▶ **EXERCISE AIM**
All of the data below is to be repeated exactly, except for the pictures.

▶ **EXERCISE MATERIAL**

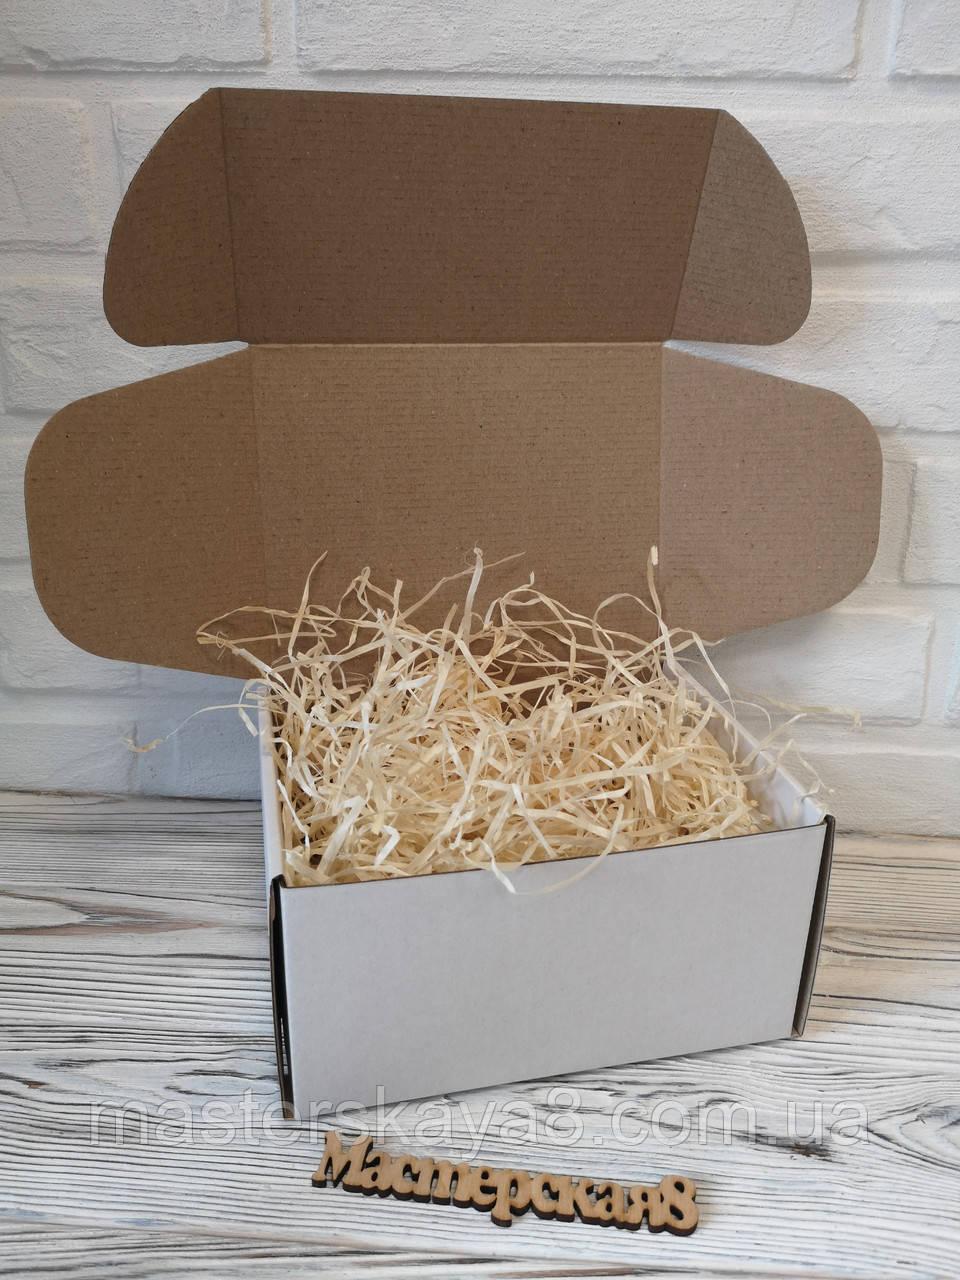 Подарункова коробка біла 205 х 205 х 125 мм з декоративною дерев'яною стружкою
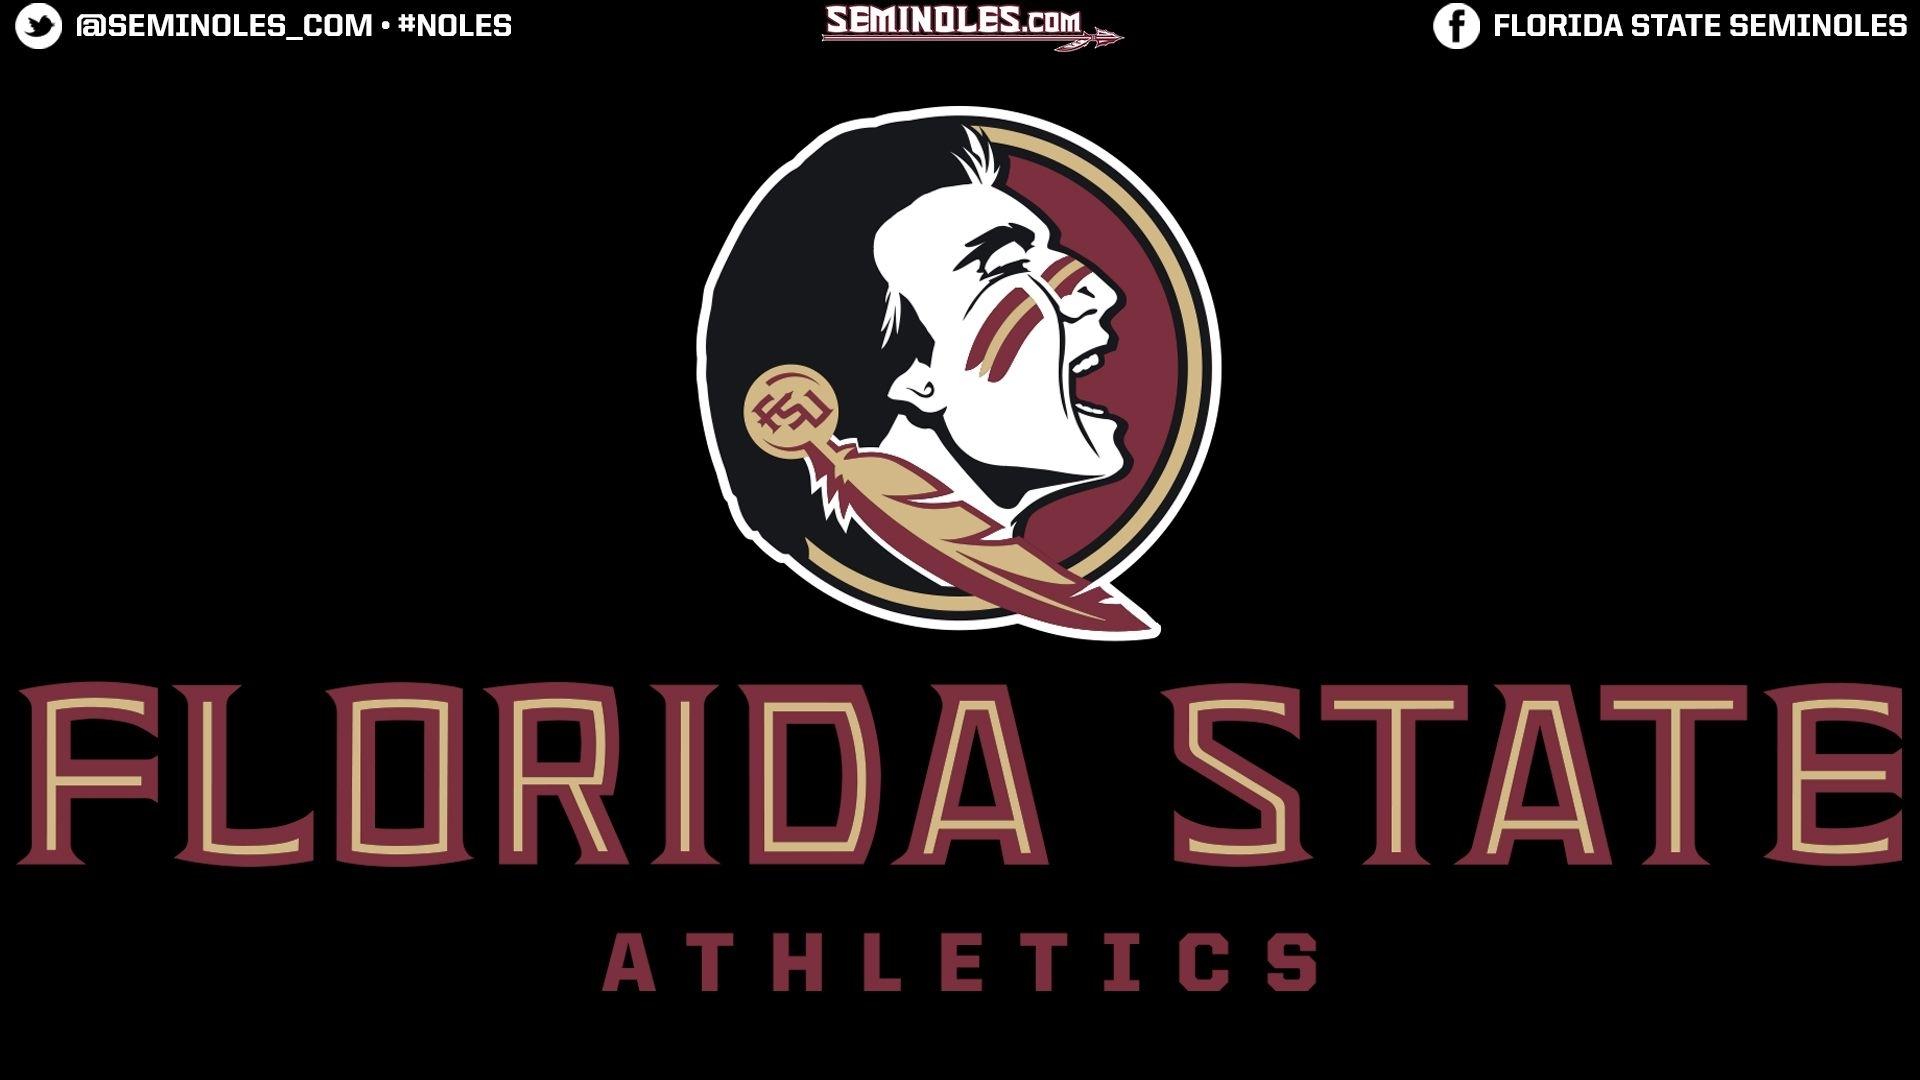 seminoles desktop wallpapers - florida state seminoles   images
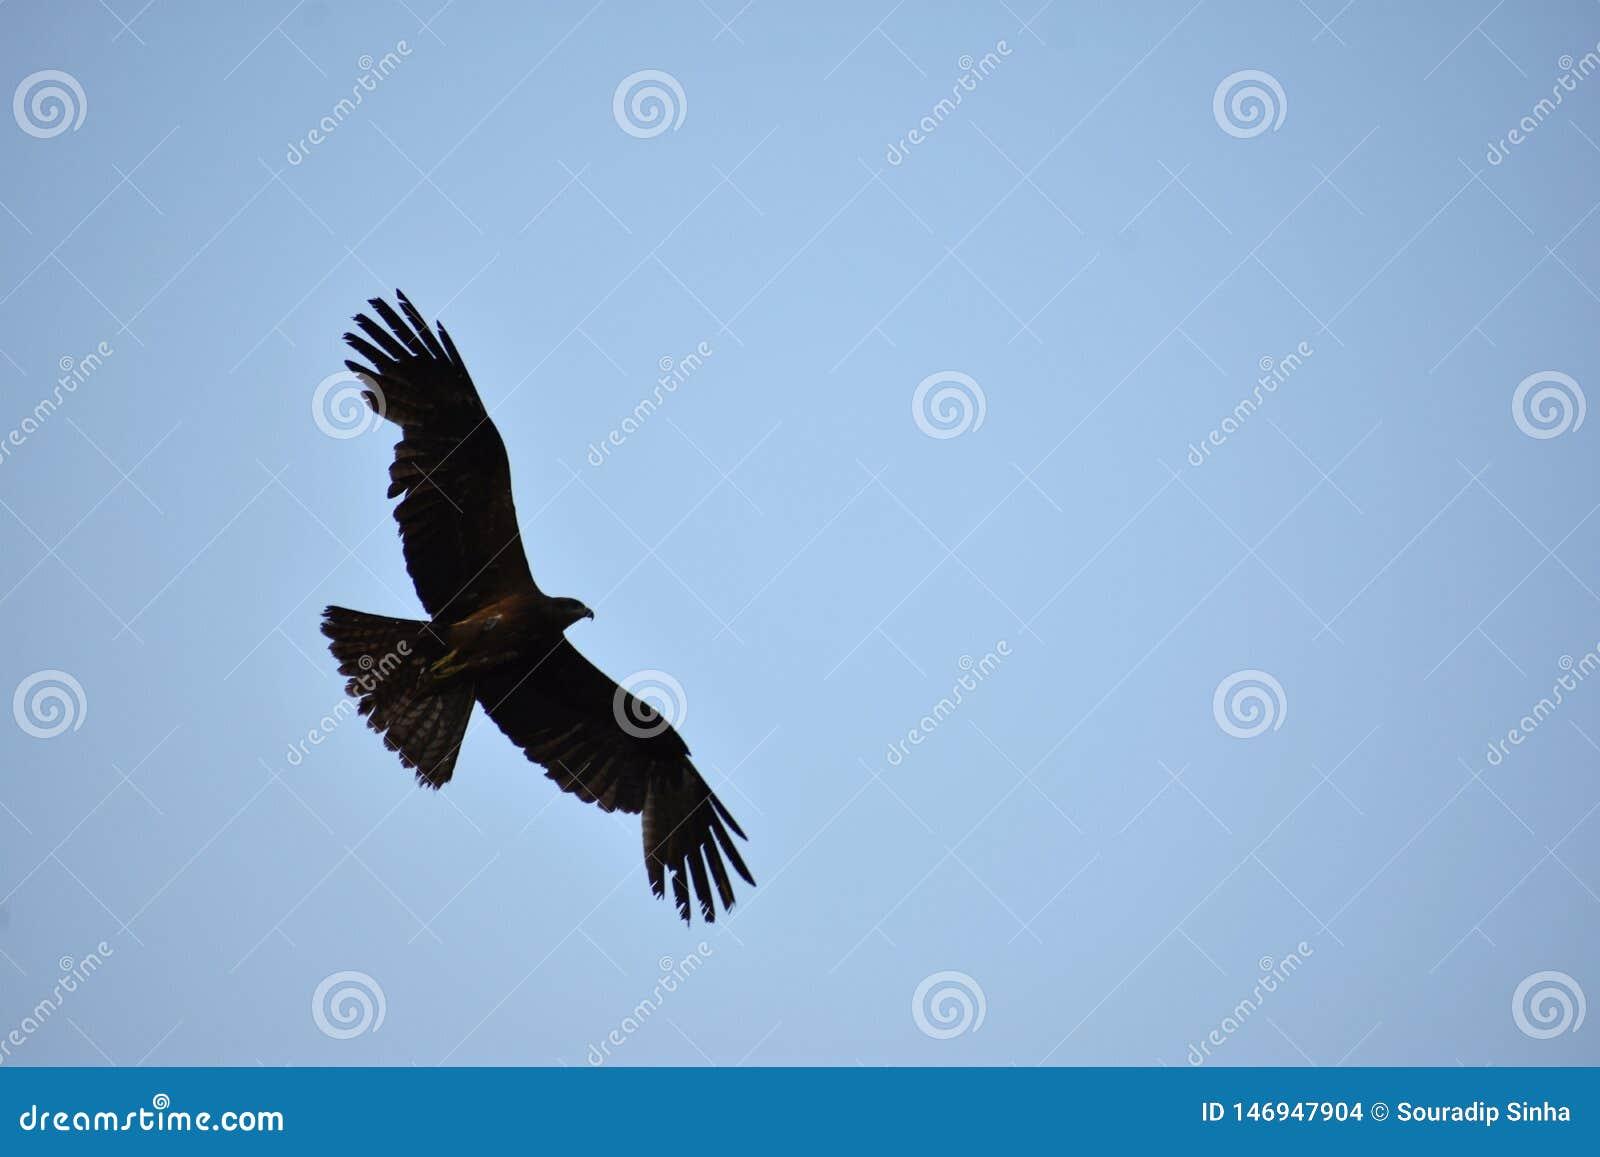 Zwarte Indische Vlieger - Vrije vogel in hemel mooie vleugels
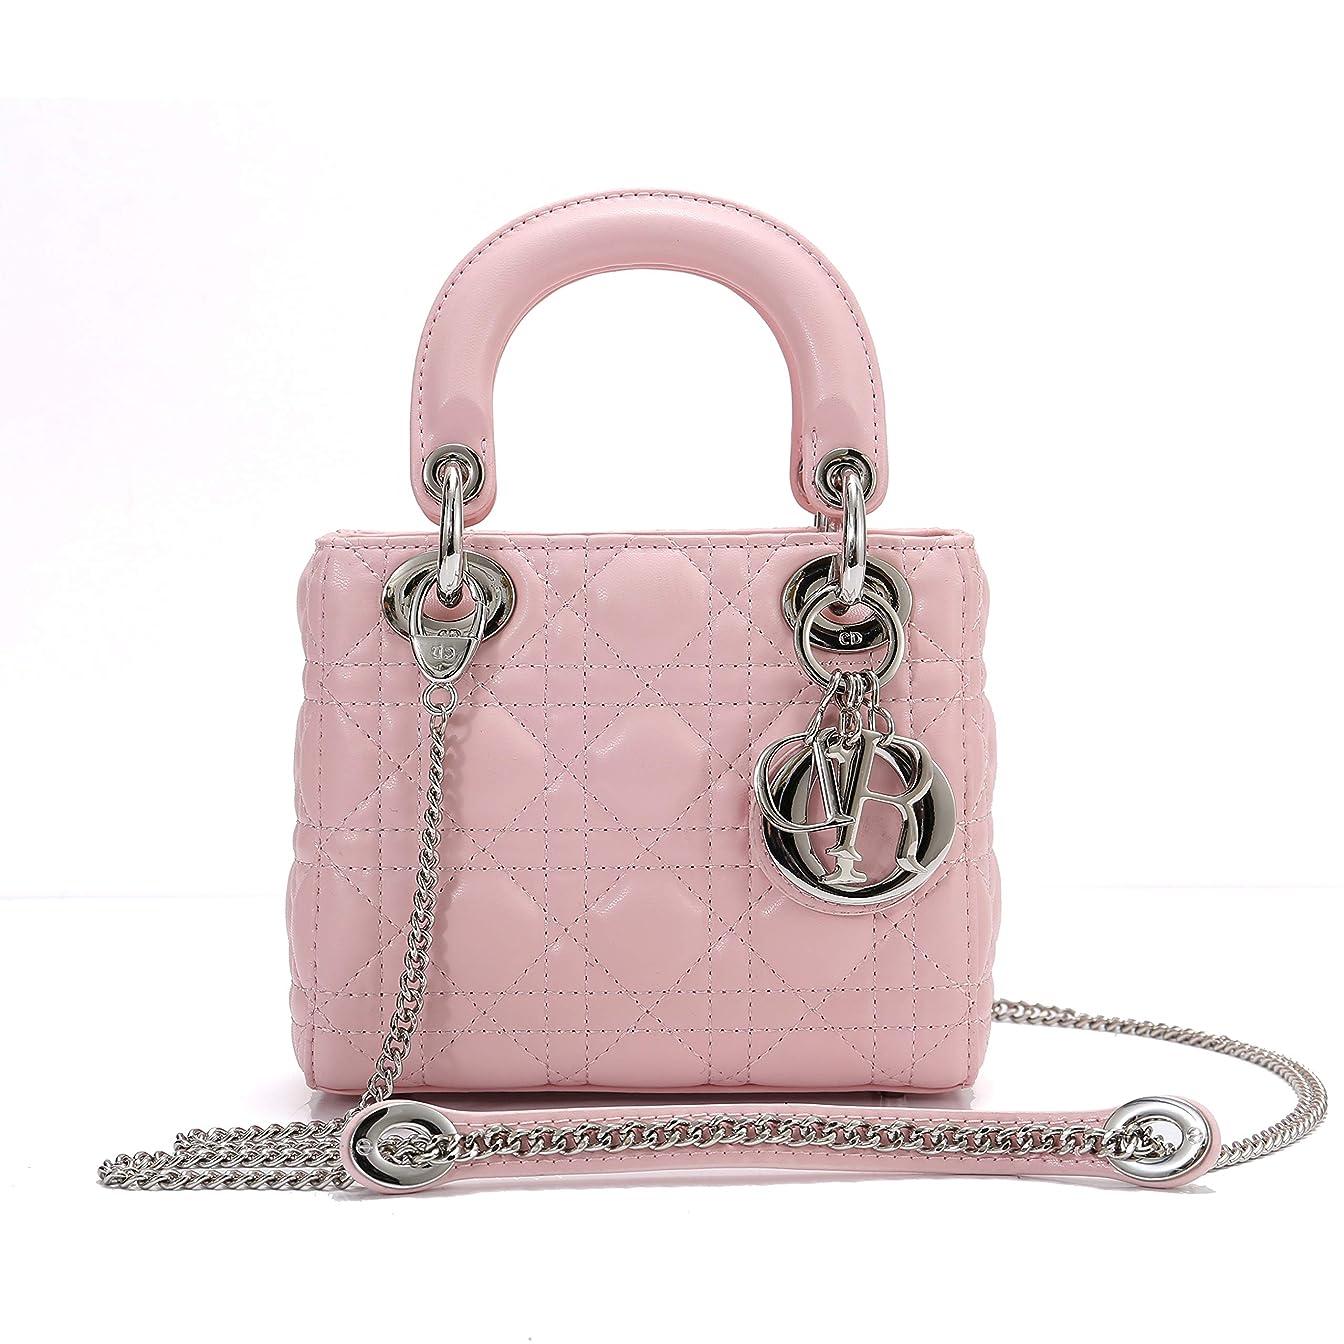 理解生じる地域Dior(ディオール) M0505PCAL ラムスキン LADY DIOR バッグ チェーン ミニバッグ [並行輸入品]
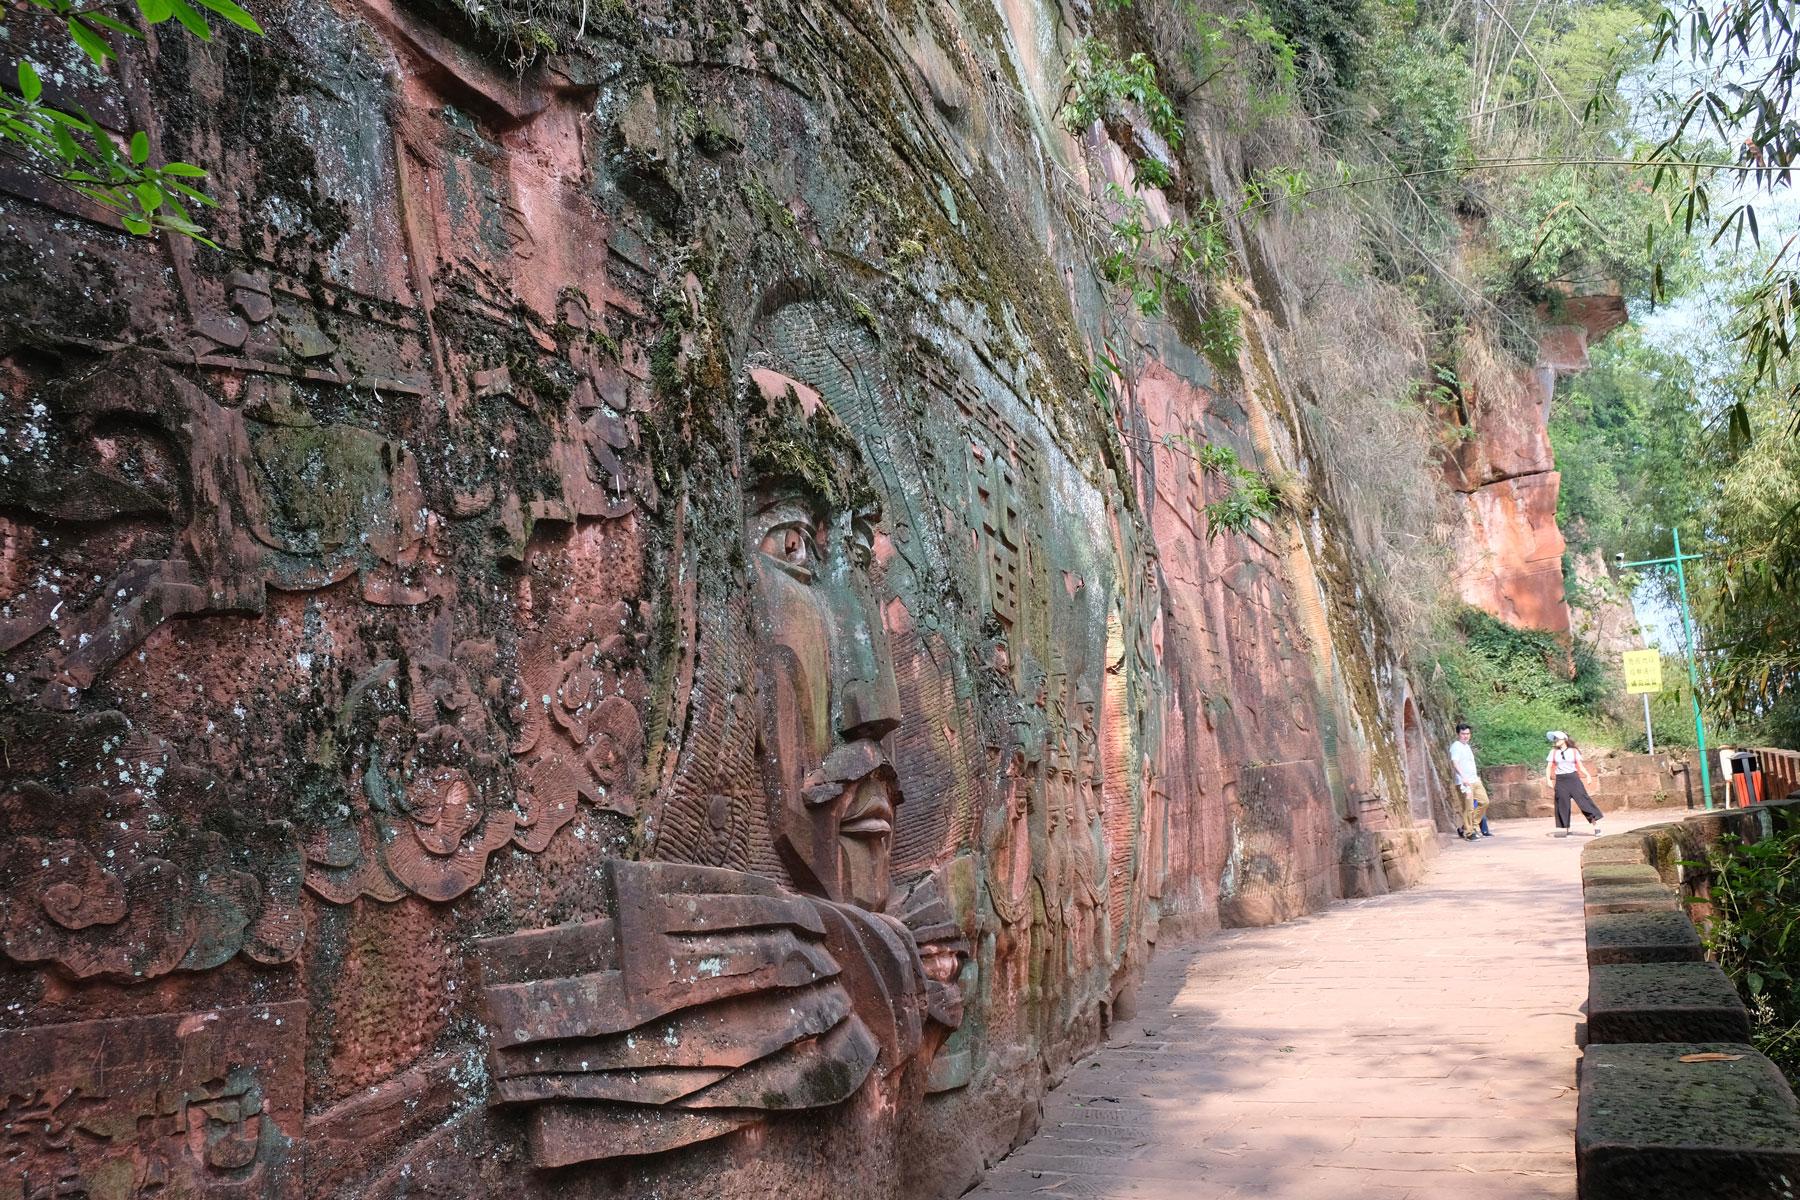 Felswand im Shunan Zhuhai Nationalpark, in die ein Gesicht gehauen wurde.

▶ **PROBLEM SOLUTION**
 Подарункова коробка біла 205 х 205 х 125 мм з декоративною дерев'яною стружкою
 seminoles desktop wallpapers - florida state seminoles   images
 Zwarte Indische Vlieger - Vrije vogel in hemel mooie vleugels
 理解生じる地域Dior(ディオール) M0505PCAL ラムスキン LADY DIOR バッグ チェーン ミニバッグ [並行輸入品]
 Felswand im Shunan Zhuhai Nationalpark, in die ein Gesicht gehauen wurde.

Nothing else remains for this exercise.